EXTRACTED ENTRIES
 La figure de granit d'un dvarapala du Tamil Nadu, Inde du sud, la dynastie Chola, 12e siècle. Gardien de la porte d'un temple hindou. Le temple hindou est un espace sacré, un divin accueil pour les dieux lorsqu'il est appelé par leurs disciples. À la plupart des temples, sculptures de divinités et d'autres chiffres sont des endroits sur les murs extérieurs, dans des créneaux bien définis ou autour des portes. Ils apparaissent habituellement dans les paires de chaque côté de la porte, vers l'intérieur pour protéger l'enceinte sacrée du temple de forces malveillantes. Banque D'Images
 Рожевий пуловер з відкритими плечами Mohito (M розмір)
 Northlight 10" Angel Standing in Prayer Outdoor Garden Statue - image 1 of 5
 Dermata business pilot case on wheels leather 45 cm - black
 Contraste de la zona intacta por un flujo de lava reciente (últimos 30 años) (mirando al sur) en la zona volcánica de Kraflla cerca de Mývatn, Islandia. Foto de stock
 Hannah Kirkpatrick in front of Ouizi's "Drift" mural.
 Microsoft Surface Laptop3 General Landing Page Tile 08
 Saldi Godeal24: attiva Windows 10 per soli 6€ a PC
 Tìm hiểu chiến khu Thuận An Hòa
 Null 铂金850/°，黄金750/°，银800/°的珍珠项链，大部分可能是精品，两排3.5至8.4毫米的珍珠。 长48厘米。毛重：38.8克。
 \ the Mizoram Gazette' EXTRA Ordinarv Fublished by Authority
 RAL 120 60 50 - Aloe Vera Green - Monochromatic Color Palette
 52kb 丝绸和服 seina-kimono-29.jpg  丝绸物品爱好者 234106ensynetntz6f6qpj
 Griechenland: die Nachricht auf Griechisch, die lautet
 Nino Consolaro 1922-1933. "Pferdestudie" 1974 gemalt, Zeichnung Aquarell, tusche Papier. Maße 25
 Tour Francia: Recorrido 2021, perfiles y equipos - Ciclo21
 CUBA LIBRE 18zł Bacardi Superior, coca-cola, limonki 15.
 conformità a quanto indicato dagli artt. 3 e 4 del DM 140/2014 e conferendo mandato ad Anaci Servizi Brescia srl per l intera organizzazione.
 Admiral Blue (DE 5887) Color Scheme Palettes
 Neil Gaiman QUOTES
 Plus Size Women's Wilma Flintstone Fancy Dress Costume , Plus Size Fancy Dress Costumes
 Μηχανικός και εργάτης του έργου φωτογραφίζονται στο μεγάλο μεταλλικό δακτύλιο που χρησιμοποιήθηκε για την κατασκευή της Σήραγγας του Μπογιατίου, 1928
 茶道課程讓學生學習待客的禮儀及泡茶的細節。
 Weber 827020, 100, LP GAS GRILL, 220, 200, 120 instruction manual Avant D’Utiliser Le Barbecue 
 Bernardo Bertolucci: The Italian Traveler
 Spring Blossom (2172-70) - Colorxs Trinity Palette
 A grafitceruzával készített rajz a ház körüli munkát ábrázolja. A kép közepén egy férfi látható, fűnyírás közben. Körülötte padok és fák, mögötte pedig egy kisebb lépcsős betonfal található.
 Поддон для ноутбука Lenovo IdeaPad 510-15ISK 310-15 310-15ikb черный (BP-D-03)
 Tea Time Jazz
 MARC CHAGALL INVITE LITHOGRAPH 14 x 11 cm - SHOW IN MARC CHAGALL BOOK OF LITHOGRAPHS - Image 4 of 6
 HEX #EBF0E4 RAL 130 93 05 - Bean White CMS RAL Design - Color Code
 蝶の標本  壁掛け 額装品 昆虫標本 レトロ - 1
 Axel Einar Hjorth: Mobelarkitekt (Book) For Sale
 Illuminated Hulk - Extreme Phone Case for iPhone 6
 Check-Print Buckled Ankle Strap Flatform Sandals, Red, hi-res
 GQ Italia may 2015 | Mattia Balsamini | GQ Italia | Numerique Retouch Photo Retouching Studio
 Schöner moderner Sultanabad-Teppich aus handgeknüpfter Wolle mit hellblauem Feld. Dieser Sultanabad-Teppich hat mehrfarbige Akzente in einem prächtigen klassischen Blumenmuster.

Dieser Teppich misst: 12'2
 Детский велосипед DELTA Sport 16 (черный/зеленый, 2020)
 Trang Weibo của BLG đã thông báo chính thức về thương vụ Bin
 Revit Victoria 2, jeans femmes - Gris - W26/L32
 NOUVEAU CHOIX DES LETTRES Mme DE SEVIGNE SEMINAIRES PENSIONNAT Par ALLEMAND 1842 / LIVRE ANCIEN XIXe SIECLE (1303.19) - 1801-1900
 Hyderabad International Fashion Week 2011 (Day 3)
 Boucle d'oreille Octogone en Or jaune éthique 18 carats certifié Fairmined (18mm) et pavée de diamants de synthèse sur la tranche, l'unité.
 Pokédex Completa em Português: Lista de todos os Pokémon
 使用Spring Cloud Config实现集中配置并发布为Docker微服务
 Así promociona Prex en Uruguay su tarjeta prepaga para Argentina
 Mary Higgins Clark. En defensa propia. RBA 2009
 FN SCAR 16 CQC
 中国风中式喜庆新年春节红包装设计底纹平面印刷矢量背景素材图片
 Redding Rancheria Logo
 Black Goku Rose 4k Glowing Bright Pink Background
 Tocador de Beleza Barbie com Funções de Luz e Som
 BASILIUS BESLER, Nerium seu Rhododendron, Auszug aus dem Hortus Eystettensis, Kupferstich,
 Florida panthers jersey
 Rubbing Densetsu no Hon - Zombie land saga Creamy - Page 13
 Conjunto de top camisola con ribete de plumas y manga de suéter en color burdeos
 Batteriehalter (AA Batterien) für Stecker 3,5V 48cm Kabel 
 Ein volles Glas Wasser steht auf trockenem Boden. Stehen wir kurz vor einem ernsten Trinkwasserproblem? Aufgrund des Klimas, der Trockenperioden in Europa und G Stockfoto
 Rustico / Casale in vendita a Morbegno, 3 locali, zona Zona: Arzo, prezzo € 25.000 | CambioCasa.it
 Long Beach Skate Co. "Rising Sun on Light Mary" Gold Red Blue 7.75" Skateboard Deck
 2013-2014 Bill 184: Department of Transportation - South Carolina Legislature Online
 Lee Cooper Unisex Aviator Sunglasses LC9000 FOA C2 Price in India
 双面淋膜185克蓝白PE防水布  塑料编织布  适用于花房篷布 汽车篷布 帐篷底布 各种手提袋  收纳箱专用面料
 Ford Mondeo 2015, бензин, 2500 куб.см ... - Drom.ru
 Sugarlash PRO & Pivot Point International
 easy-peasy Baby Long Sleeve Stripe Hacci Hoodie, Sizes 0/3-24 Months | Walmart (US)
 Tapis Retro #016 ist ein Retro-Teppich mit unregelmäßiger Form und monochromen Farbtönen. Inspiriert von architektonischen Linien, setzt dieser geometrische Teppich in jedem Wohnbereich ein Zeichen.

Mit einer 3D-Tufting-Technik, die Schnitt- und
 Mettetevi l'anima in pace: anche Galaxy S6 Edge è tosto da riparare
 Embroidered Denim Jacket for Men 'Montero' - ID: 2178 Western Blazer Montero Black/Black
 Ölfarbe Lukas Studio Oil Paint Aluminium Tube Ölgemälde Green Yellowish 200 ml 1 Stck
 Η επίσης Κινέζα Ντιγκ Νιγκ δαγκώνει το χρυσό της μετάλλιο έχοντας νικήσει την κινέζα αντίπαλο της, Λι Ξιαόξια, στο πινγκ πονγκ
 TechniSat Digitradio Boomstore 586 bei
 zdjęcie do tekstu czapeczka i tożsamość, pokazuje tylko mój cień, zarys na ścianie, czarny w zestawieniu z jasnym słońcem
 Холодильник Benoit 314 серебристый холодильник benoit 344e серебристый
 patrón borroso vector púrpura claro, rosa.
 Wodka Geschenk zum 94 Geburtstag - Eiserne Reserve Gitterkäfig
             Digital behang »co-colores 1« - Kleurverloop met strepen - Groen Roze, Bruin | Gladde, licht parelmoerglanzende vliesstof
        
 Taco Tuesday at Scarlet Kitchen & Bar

WHAT YOU ARE ASKED TO DO
From the records above, give again exactly the lines running from the line with "Spring Blossom (2172-70)" to the line with "Dieser Teppich misst: 12'2", inclusive.

EXERCISE RESPONSE
 Spring Blossom (2172-70) - Colorxs Trinity Palette
 A grafitceruzával készített rajz a ház körüli munkát ábrázolja. A kép közepén egy férfi látható, fűnyírás közben. Körülötte padok és fák, mögötte pedig egy kisebb lépcsős betonfal található.
 Поддон для ноутбука Lenovo IdeaPad 510-15ISK 310-15 310-15ikb черный (BP-D-03)
 Tea Time Jazz
 MARC CHAGALL INVITE LITHOGRAPH 14 x 11 cm - SHOW IN MARC CHAGALL BOOK OF LITHOGRAPHS - Image 4 of 6
 HEX #EBF0E4 RAL 130 93 05 - Bean White CMS RAL Design - Color Code
 蝶の標本  壁掛け 額装品 昆虫標本 レトロ - 1
 Axel Einar Hjorth: Mobelarkitekt (Book) For Sale
 Illuminated Hulk - Extreme Phone Case for iPhone 6
 Check-Print Buckled Ankle Strap Flatform Sandals, Red, hi-res
 GQ Italia may 2015 | Mattia Balsamini | GQ Italia | Numerique Retouch Photo Retouching Studio
 Schöner moderner Sultanabad-Teppich aus handgeknüpfter Wolle mit hellblauem Feld. Dieser Sultanabad-Teppich hat mehrfarbige Akzente in einem prächtigen klassischen Blumenmuster.

Dieser Teppich misst: 12'2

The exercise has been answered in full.